Re: [PATCH RFC 2/5] sched/fair: Skip frequency update if CPU about to idle
From: Joel Fernandes
Date: Mon Oct 30 2017 - 15:03:08 EST
Hi Viresh,
On Mon, Oct 30, 2017 at 5:07 AM, Viresh Kumar <viresh.kumar@xxxxxxxxxx> wrote:
> On 28-10-17, 02:59, Joel Fernandes wrote:
>> Updating CPU frequency on last dequeue of a CPU is useless. Because the
>> utilization since CPU came out of idle can increase till the last dequeue, this
>> means we are requesting for a higher frequency before entering idle which is
>> not very meaningful or useful. It causes unwanted wakeups of the schedutil
>> governor kthread in slow-switch systems resulting in large number of wake ups
>> that could have been avoided. In an Android application playing music where the
>> music app's thread wakes up and sleeps periodically on an Android device, its
>> seen that the frequency increases slightly on the dequeue and is reduced when
>> the task wakes up again. This oscillation continues between 300Mhz and 350Mhz,
>> and while the task is running, its at 300MHz the whole time. This is pointless.
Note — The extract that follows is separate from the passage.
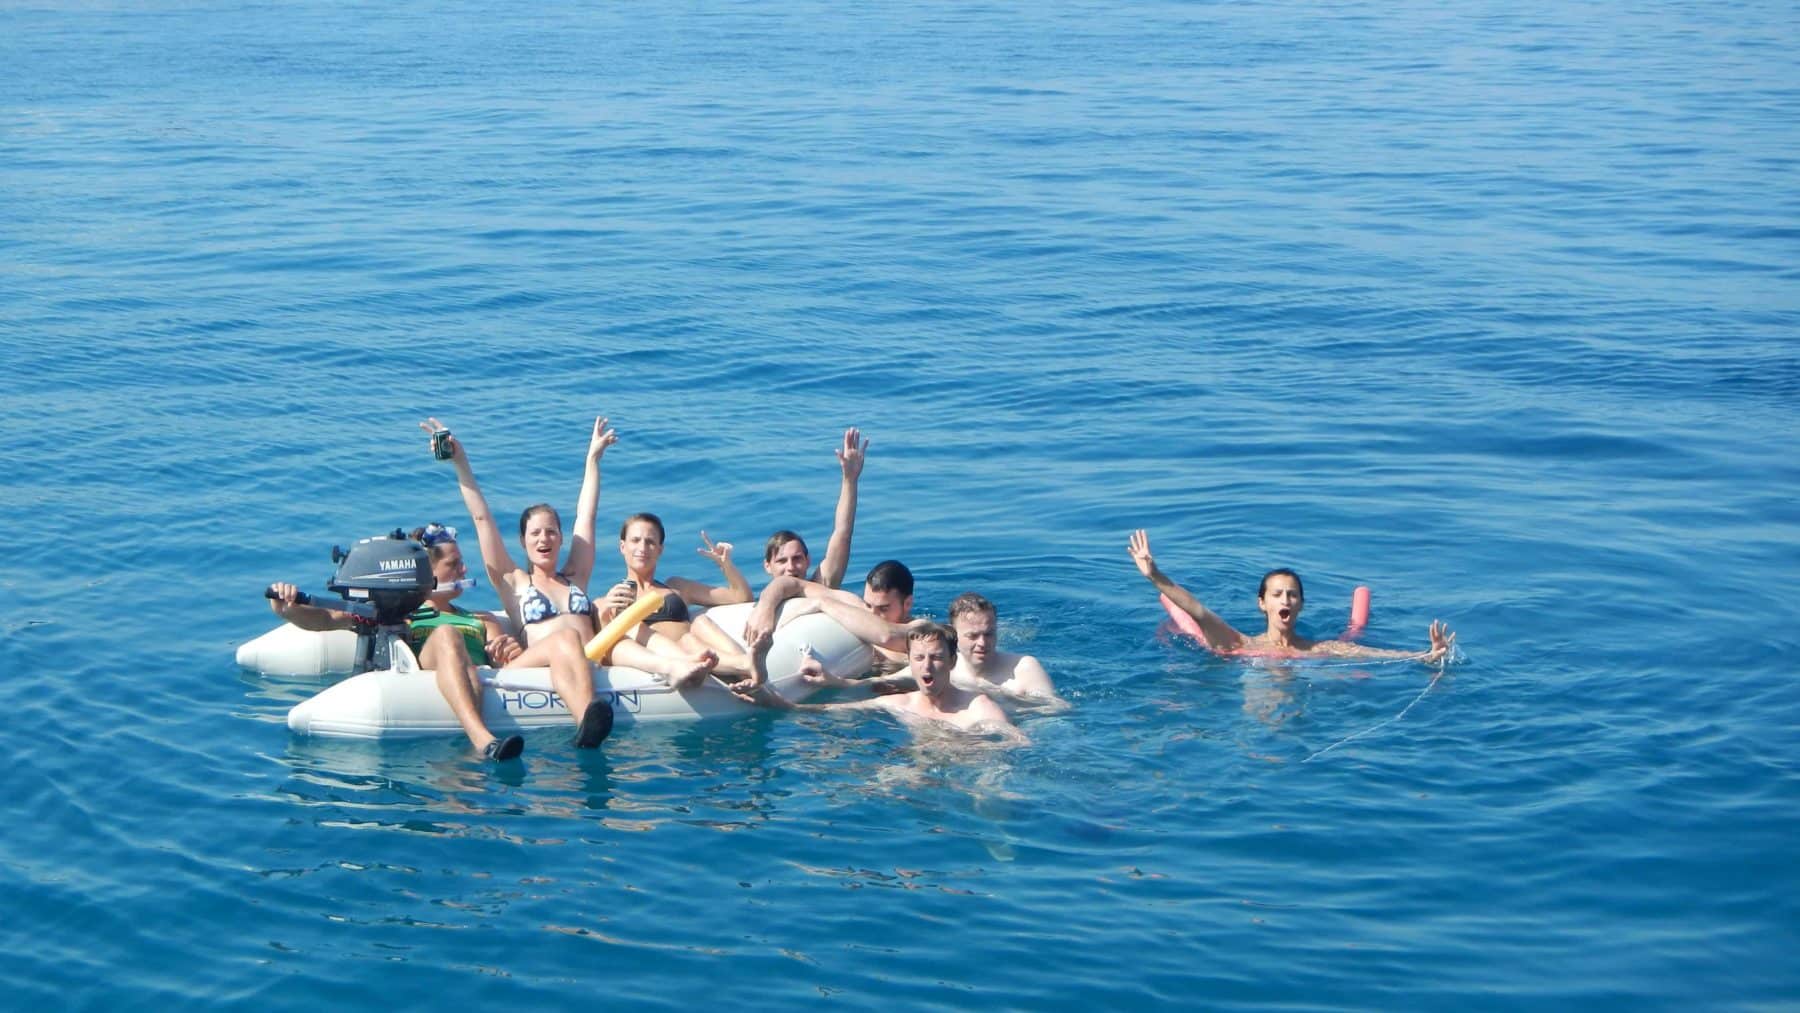 Eine Gruppe von sieben Menschen treibt fröhlich auf einer Segelyacht im klaren, blauen Ozean, einige winken und zeigen Peace-Zeichen und genießen einen sonnigen Tag.

>> Adding to that, these are unnecessary wake ups. Infact most of the time when
>> the sugov thread wakes up, all the CPUs are idle - so it can hurt power by
>> disturbing the cluster when it is idling.
>>
>> This patch prevents a frequency update on the last dequeue. With this the
>> number of schedutil governor thread wake ups are reduces more than 2 times
>> (1389 -> 527).
>>
>> Cc: Rafael J. Wysocki <rjw@xxxxxxxxxxxxx>
>> Cc: Viresh Kumar <viresh.kumar@xxxxxxxxxx>
>> Cc: Ingo Molnar <mingo@xxxxxxxxxx>
>> Cc: Peter Zijlstra <peterz@xxxxxxxxxxxxx>
>> Signed-off-by: Joel Fernandes <joelaf@xxxxxxxxxx>
>> ---
>> kernel/sched/fair.c | 25 ++++++++++++++++++++++---
>> kernel/sched/sched.h | 1 +
>> 2 files changed, 23 insertions(+), 3 deletions(-)
>
> So you are doing this only for CFS, isn't that required for RT/DL as
> well?
Yes I agree we should. I remember this patch from Patrick doing
something similar for RT:
https://patchwork.kernel.org/patch/9825461/
That patch prevents cpufreq update from dequeue_task_rt path since we
no longer would trigger it from update_curr_rt all the time. Is this
an acceptable solution for RT?
>
> Also, this more looks like a policy decision. Will it be better to
> put that directly into schedutil? Like this:
>
> if (cpu_idle())
> "Don't change the freq";
>
> Will something like that work?
I thought about this and I think it wont work very well. In the
dequeue path we're still running the task being dequeued so the CPU is
not yet idle. What is needed here IMO is a notion that the CPU is
possibly about to idle and we can get predict that from the dequeue
path of the CFS class.
Also just looking at whether the CPU is currently idle or not in the
governor doesn't help to differentiate between say the dequeue path /
tick path. Both of which can occur when the CPU is not idle.
Any thoughts about this?
thanks,
- Joel